DINO (2022): DETR improvement combining Deformable Attention with contrastive learning, achieving mAP 63.3% on COCO. Significantly surpasses Faster R-CNN, establishing Transformer-based detector superiority.
RT-DETR (2023): Real-time DETR achieving YOLO-equivalent speed (100+ FPS) with DETR-level accuracy. NMS-free design simplifies post-processing and eases deployment.
Grounding DINO (2023): Open-vocabulary detector specifying detection targets via text prompts. Detects categories not previously trained like "red car" or "person wearing glasses." Combined with SAM enables text-directed segmentation.
YOLO-World (2024): Adds open-vocabulary capability to YOLO for real-time text-specified detection. Not limited to predefined classes; arbitrary text specifies detection targets.
Foundation model utilization: Using large-scale pretrained models (DINOv2, SAM, CLIP) as feature extractors with fine-tuning on small task-specific datasets is becoming the mainstream approach.

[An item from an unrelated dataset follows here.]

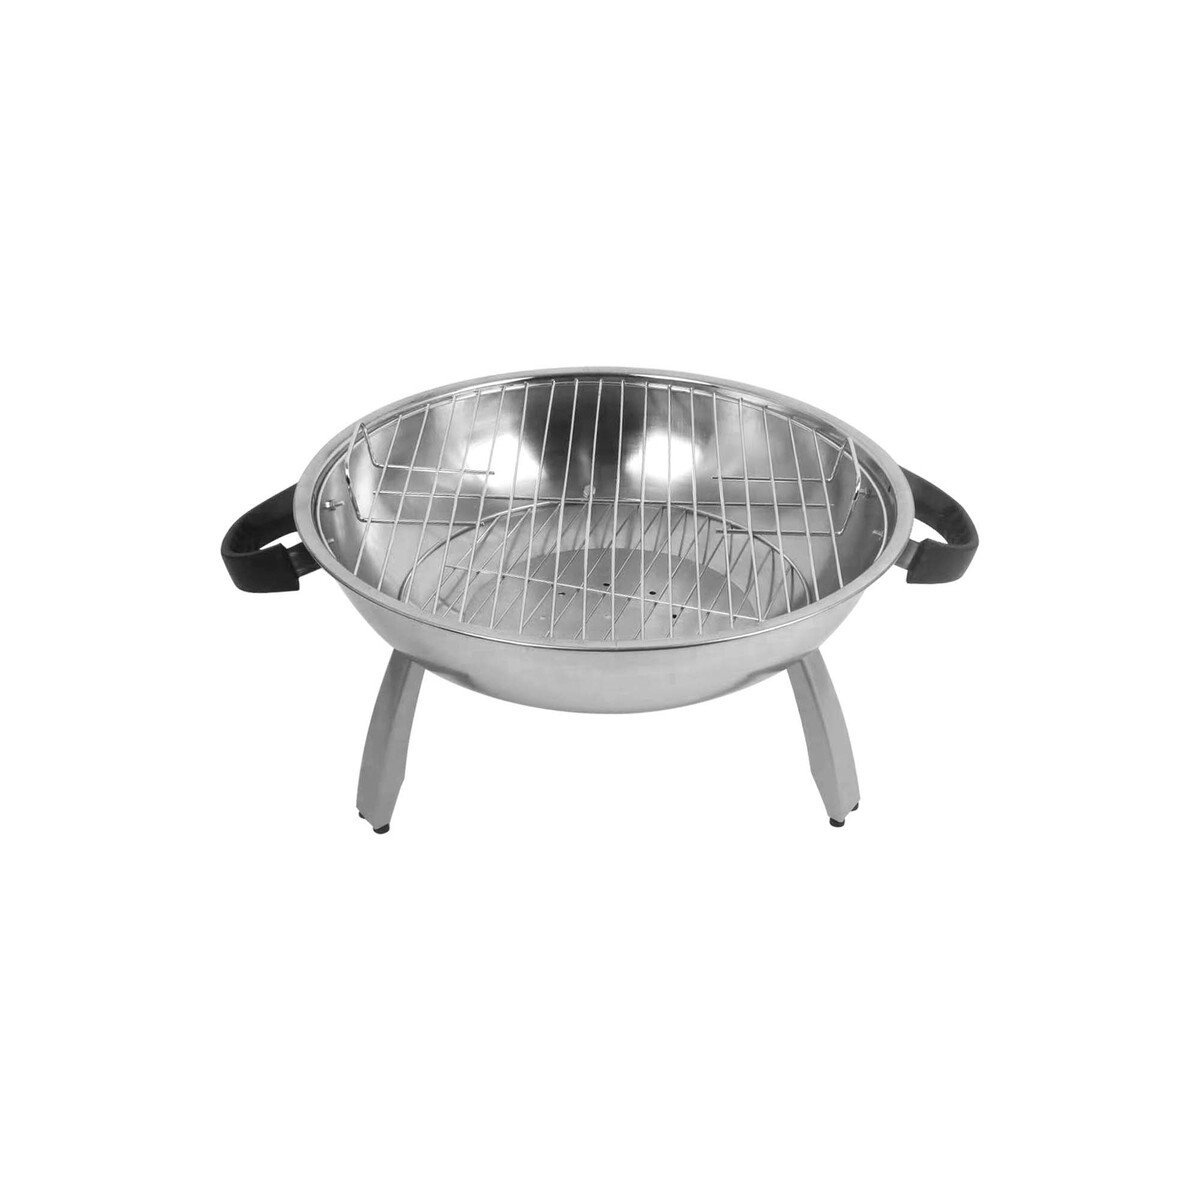 Relax BBQ Grill 35cm YH22014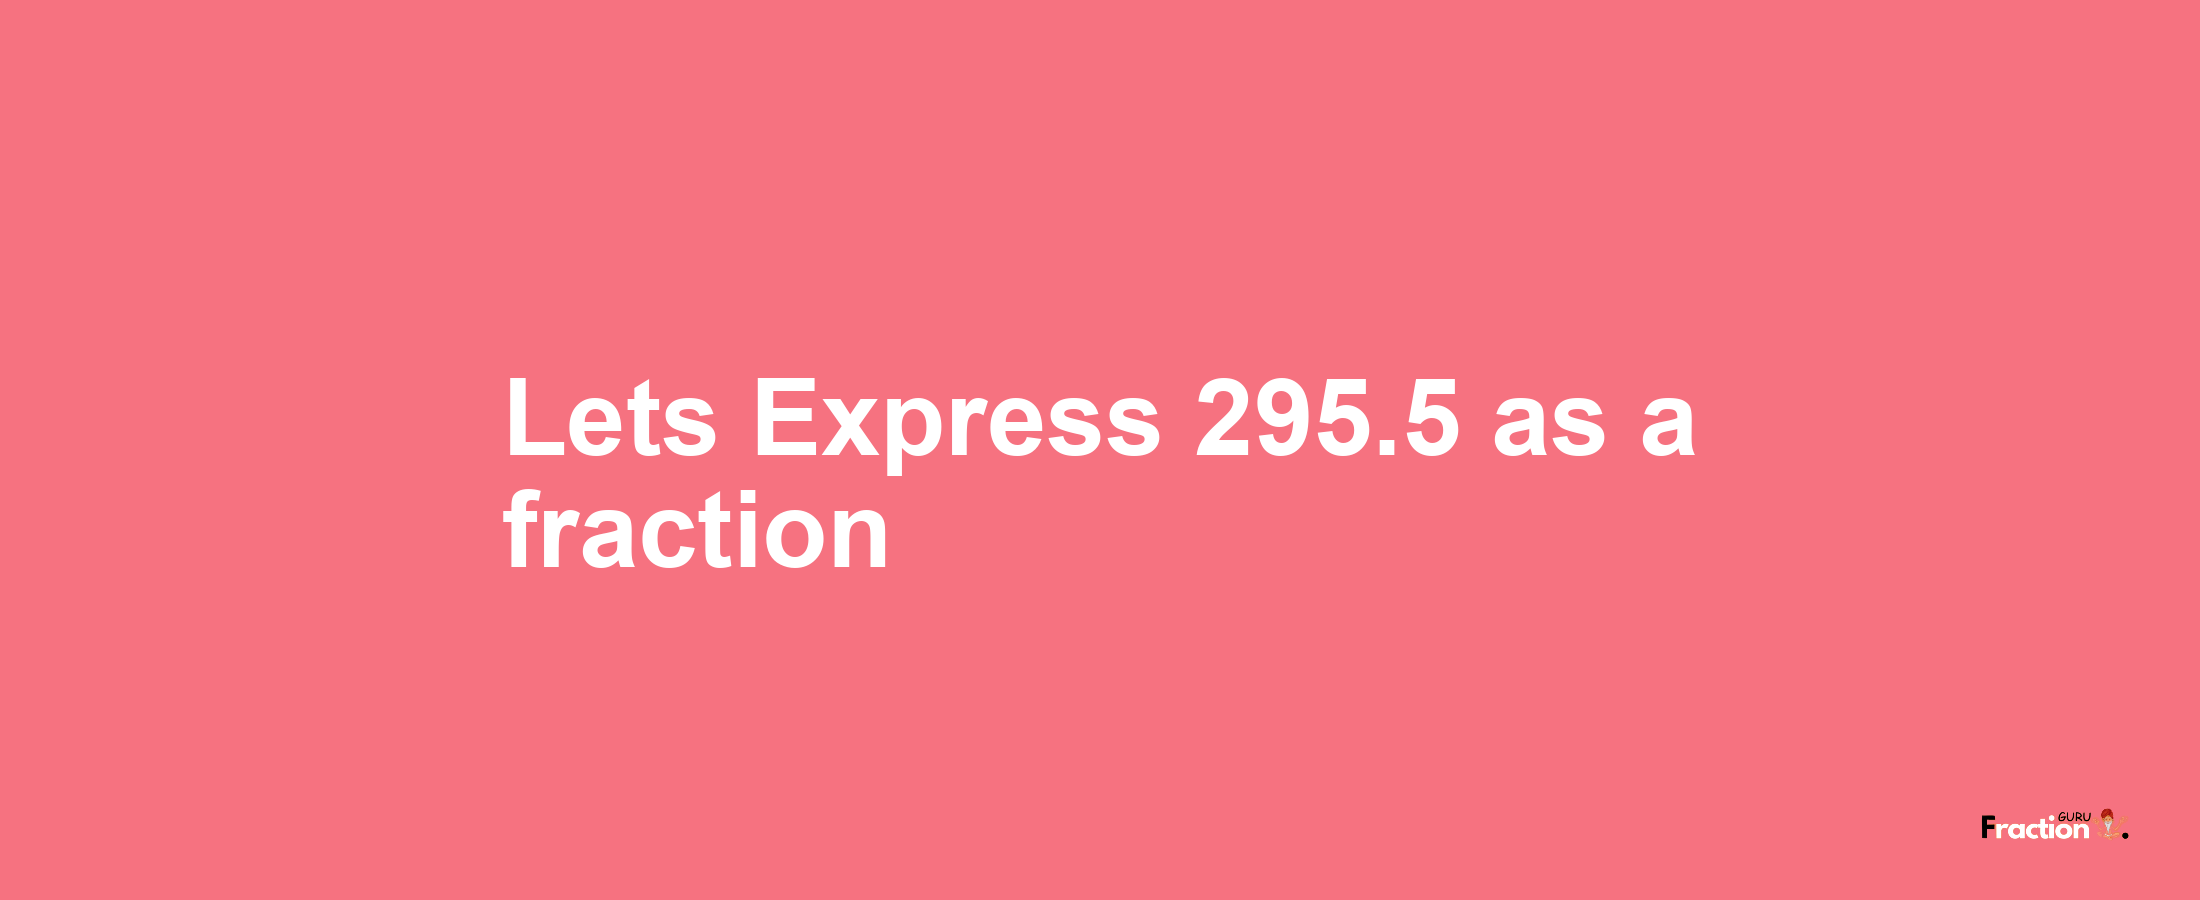 Lets Express 295.5 as afraction

Practical Selection Criteria and Deployment Strategy
Object detection model selection depends on accuracy requirements, speed requirements, deployment environment, and data volume. Practical decision criteria and deployment optimization techniques are explained.
Recommended models by use case:
- Autonomous driving: YOLOv8/YOLO11 (real-time mandatory, 30+ FPS)
- Surveillance cameras: YOLOv8m (accuracy-speed balance)
- Medical imaging: Faster R-CNN / DINO (accuracy priority, no speed constraint)
- Retail (inventory): EfficientDet (edge device inference)
- Drone footage: YOLOv8s (lightweight, edge inference)
- Open vocabulary: Grounding DINO / YOLO-World
Deployment optimization:
- Quantization (INT8): FP32 → INT8 for 2-4x inference speedup, 1-2% mAP accuracy loss
- TensorRT: NVIDIA GPU optimization for 2-3x acceleration
- ONNX Runtime: Cross-platform inference engine
- OpenVINO: Intel CPU/GPU optimization
- CoreML: Apple device optimization (iPhone, Mac)
Edge device inference: Model lightweighting is essential for Jetson Nano/Xavier, Raspberry Pi, and smartphone inference. YOLOv8n (1.9M parameters) achieves 25 FPS on Jetson Nano and 60 FPS on iPhone 15 Pro.
Custom data training: Training object detection on custom datasets requires minimum 300-500 annotated images. Transfer learning (fine-tuning from COCO pretrained models) enables high-accuracy models from small datasets. Roboflow, CVAT, and Label Studio are widely used annotation tools.